You are viewing a plain text version of this content. The canonical link for it is here.

Posted to dev@airflow.apache.org by "Sibabrata Pattanaik (spattana)" <sp...@cisco.com.INVALID> on 2020/09/07 05:04:50 UTC

Question on dynamic tasks in a DAG and wait_for_downstream

Hello Team,

Currently we are using airflow version - 1.10.10 to data ingest.

In our DAG, we create tasks dynamically based on data volume , i.e if data volume is high, number of parallel tasks increases and if the data volume is less number of parallel tasks reduces in the next run or vice versa.
As DAG execution instance use the same table to update, we use 'wait_for_downstream'  to True to maintain the data consistency and make sure next run should not happen if the previous run is in progress or failed.

In this scenario, we are seeing one issue i.e.
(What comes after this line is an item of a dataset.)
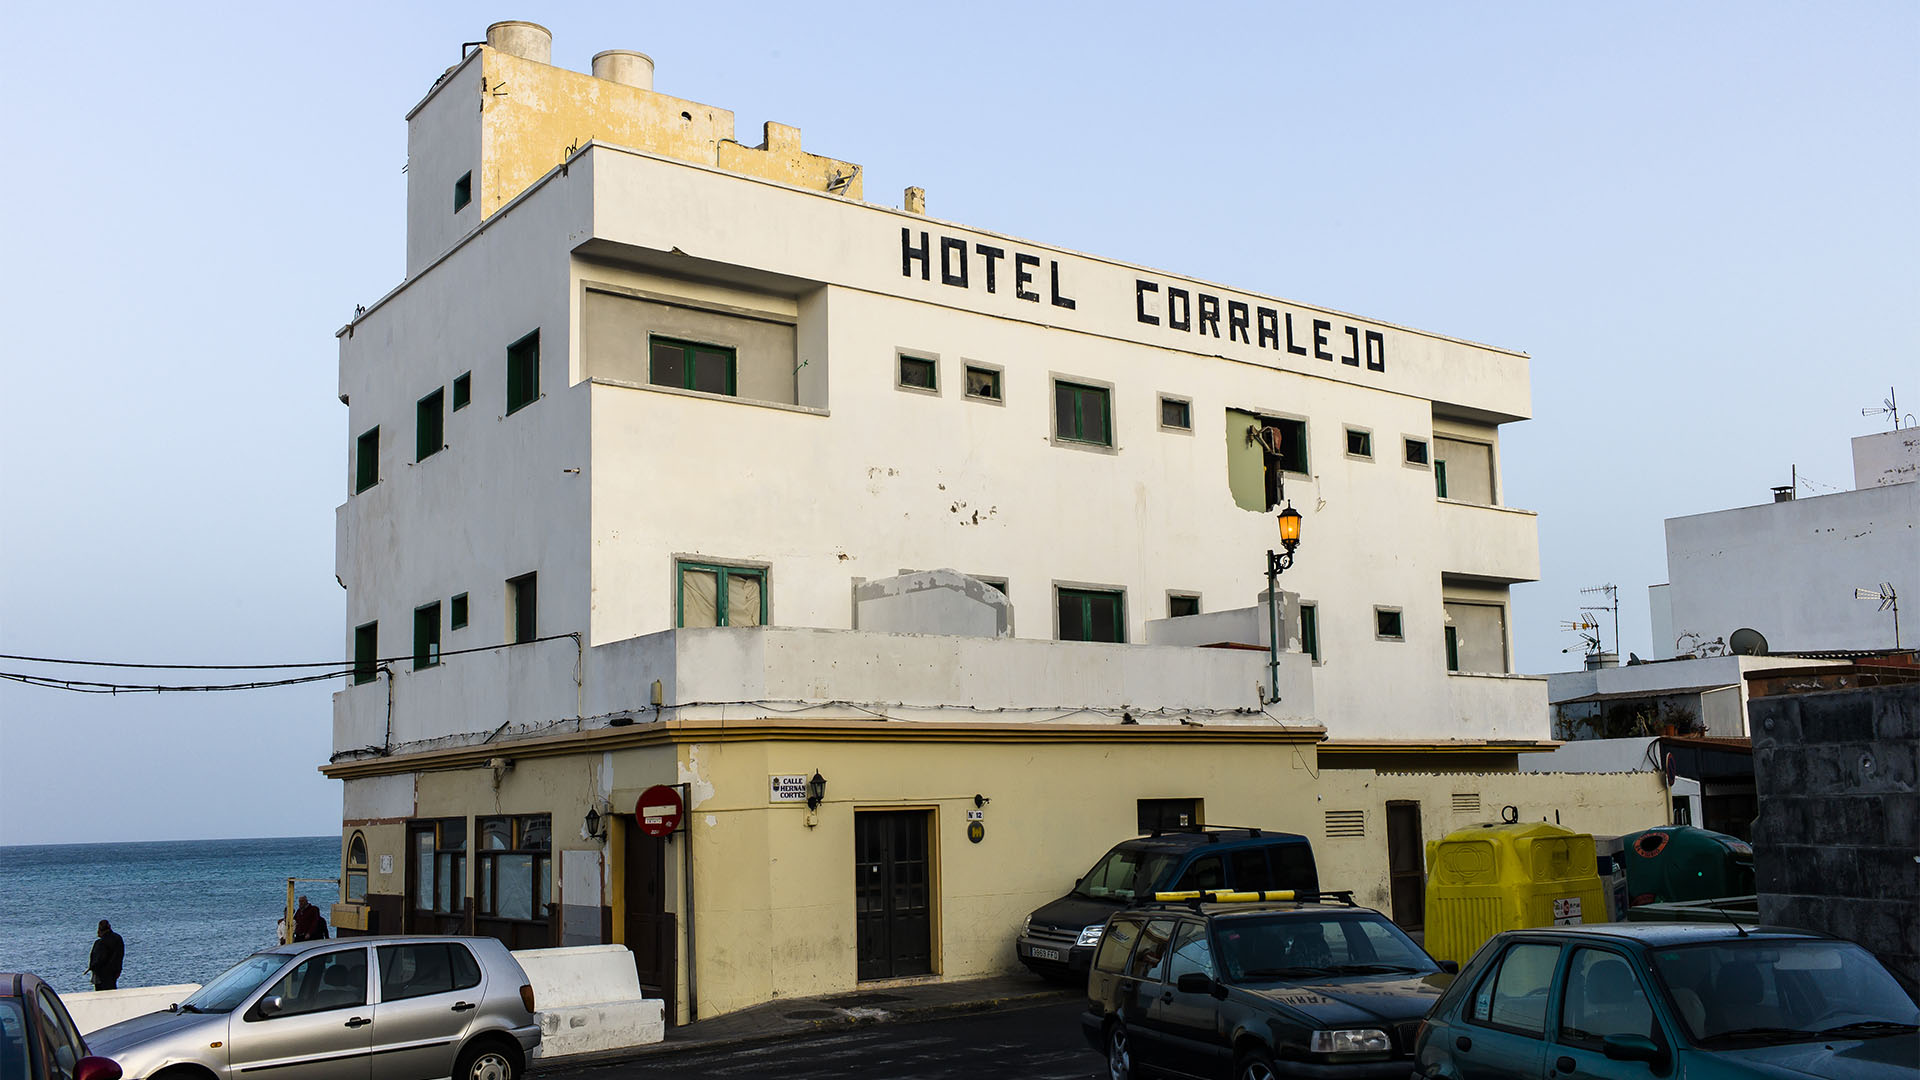 Der Ort Corralejo Fuerteventura: Das alte Hotel Corralejo noch 2012 bevor es zum schmucken Avanti Boutique Hotel" wurde.

If previous instances has less number of tasks then the current one because of dynamic task creation, then the current DAG is always in waiting state . As the current DAG  is waiting for the new task/s which are generated during the run but not exists in the previous DAG instance, but waiting for the same tasks to be in completion state in the previous DAG.  As soon as we manually mark those tasks as completed in the previous DAG instance, current DAG start running .

Let me know if you have any work around for this scenario.

Thanks
Sibabrata Pattanaik
--------------------------
spattana@cisco.com
VOIP 84260416
+91 80  44260416
--------------------------

Re: Question on dynamic tasks in a DAG and wait_for_downstream

Posted by Ry Walker <ry...@rywalker.com>.

Hi Sibarata -

I discussed your use case with some of our data engineers, we might have
some recommendations on how to better execute this - let us know if you
want to chat.

-Ry
Airflow Committer + Founder/CTO of Astronomer

On Mon, Sep 7, 2020 at 4:30 AM Sibabrata Pattanaik (spattana)
<sp...@cisco.com.invalid> wrote:

> Hello Team,
>
> Currently we are using airflow version - 1.10.10 to data ingest.
>
> In our DAG, we create tasks dynamically based on data volume , i.e if data
> volume is high, number of parallel tasks increases and if the data volume
> is less number of parallel tasks reduces in the next run or vice versa.
> As DAG execution instance use the same table to update, we use
> 'wait_for_downstream'  to True to maintain the data consistency and make
> sure next run should not happen if the previous run is in progress or
> failed.
>
> In this scenario, we are seeing one issue i.e. If previous instances has
> less number of tasks then the current one because of dynamic task creation,
> then the current DAG is always in waiting state . As the current DAG  is
> waiting for the new task/s which are generated during the run but not
> exists in the previous DAG instance, but waiting for the same tasks to be
> in completion state in the previous DAG.  As soon as we manually mark those
> tasks as completed in the previous DAG instance, current DAG start running .
>
> Let me know if you have any work around for this scenario.
>
> Thanks
> Sibabrata Pattanaik
> --------------------------
> spattana@cisco.com
> VOIP 84260416
> +91 80  44260416
> --------------------------
>
>